**Problem to work on:**
Your answer should be only the lines below from the one with "Star Wars The" to the one with "1800年代 スウェーデン 手吹き", repeated exactly, ends included.

**Input:**
|---|
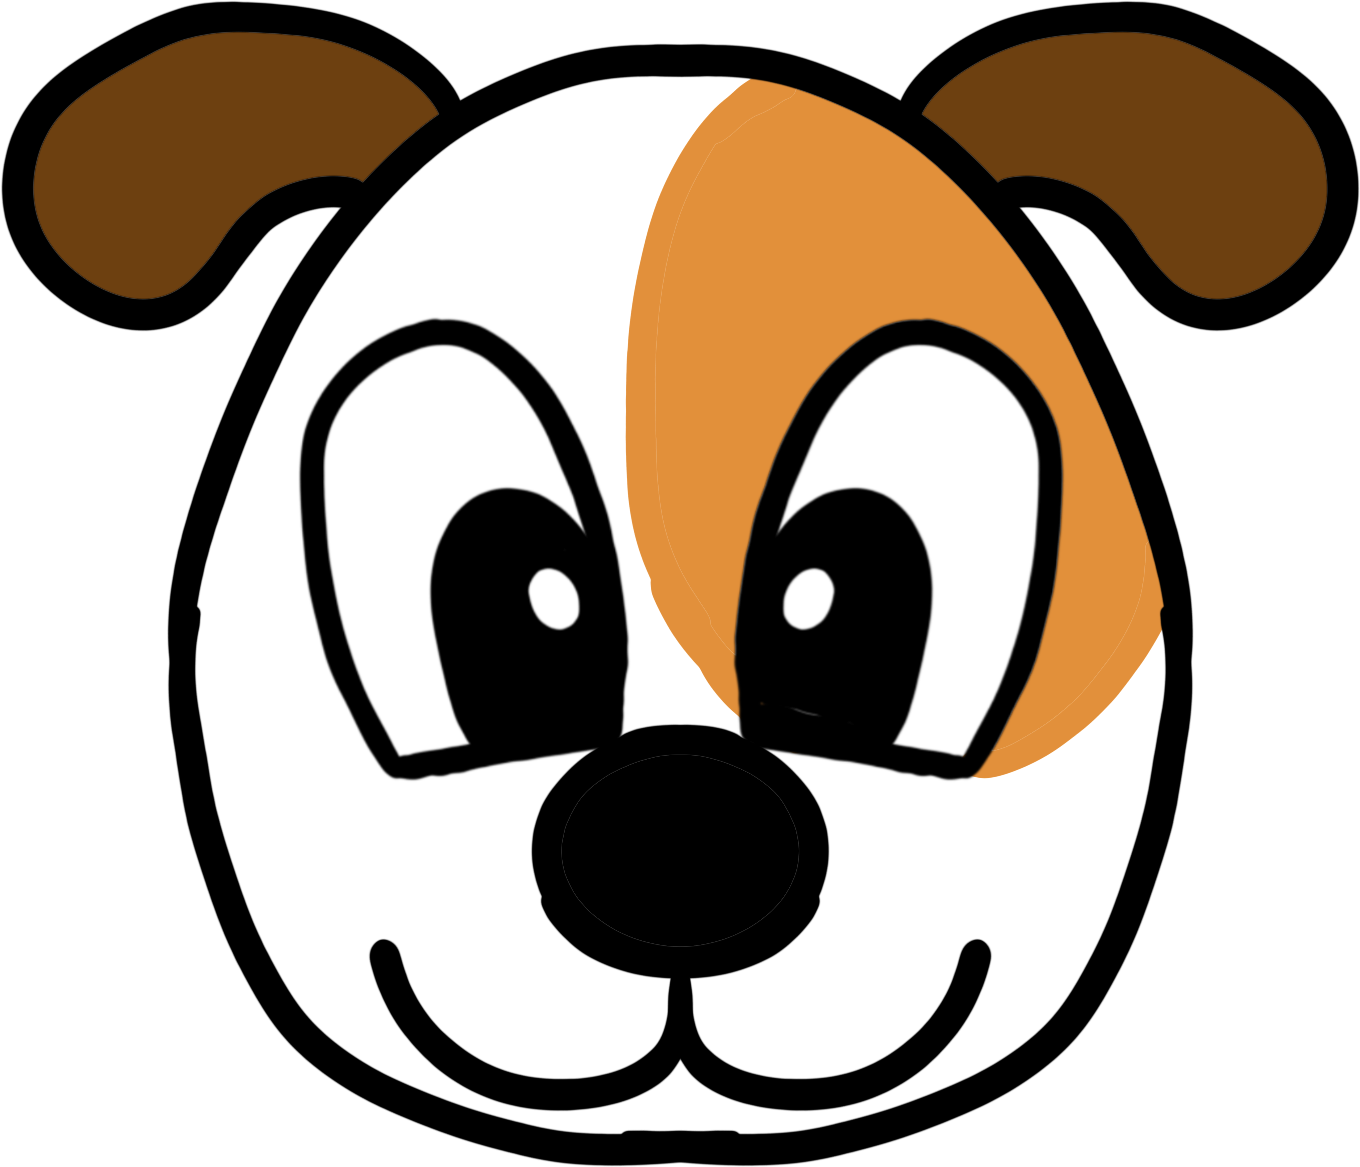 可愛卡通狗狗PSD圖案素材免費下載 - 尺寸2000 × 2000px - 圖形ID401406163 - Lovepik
|---|
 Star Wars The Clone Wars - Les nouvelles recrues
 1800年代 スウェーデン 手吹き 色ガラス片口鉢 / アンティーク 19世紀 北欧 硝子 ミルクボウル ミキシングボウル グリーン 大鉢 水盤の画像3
|---|
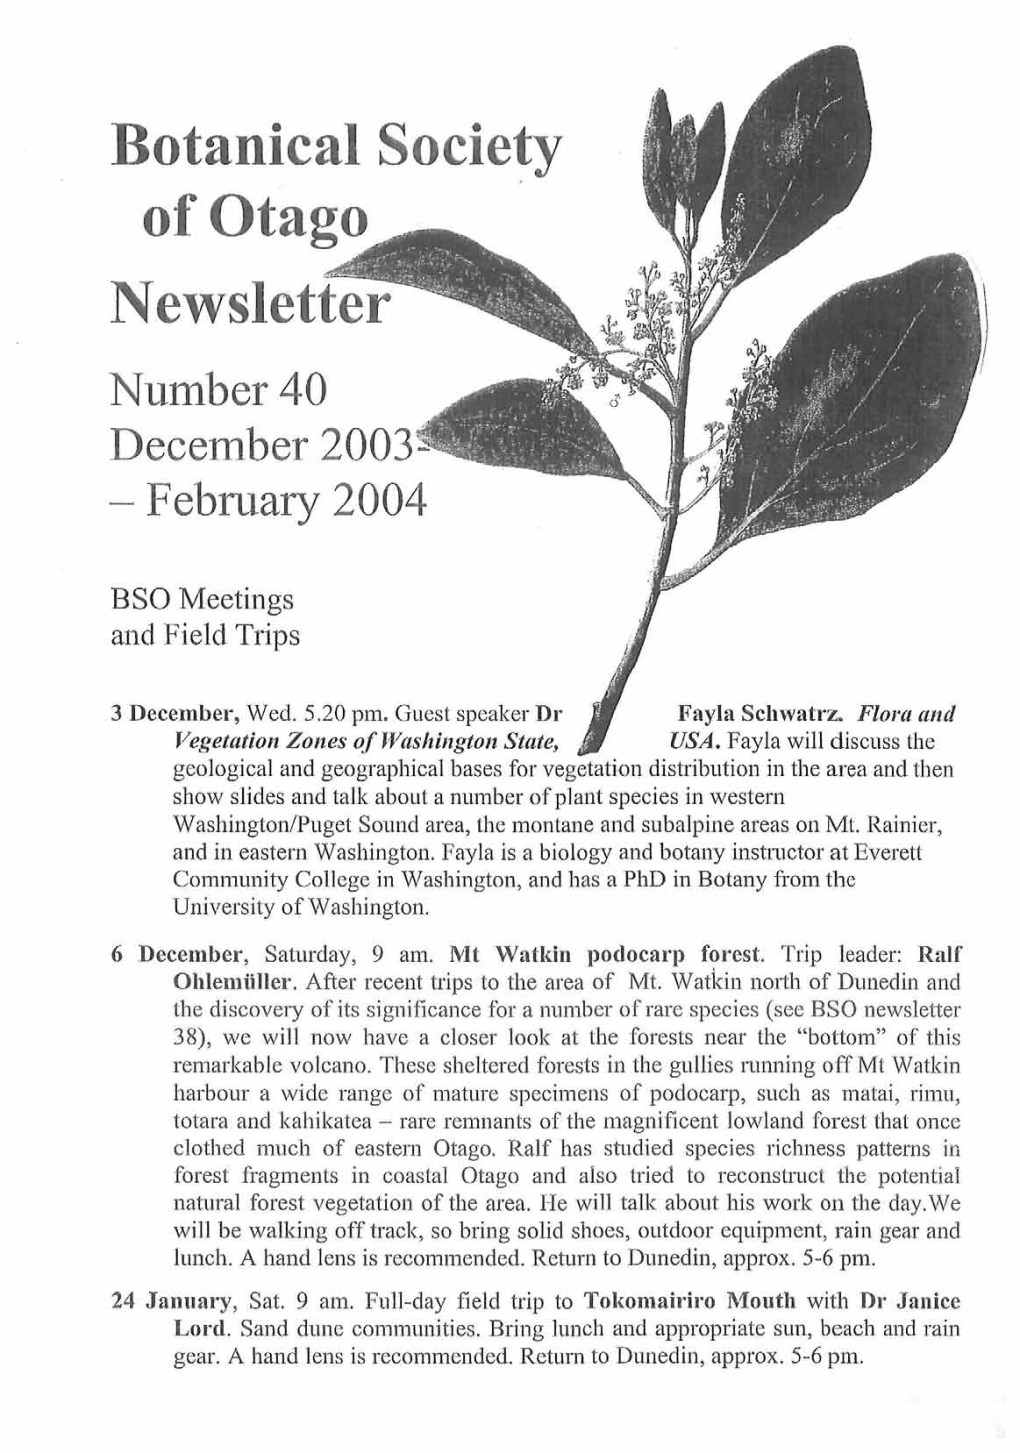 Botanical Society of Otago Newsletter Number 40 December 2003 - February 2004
|---|
**Result for this exercise:**
 Star Wars The Clone Wars - Les nouvelles recrues
 1800年代 スウェーデン 手吹き 色ガラス片口鉢 / アンティーク 19世紀 北欧 硝子 ミルクボウル ミキシングボウル グリーン 大鉢 水盤の画像3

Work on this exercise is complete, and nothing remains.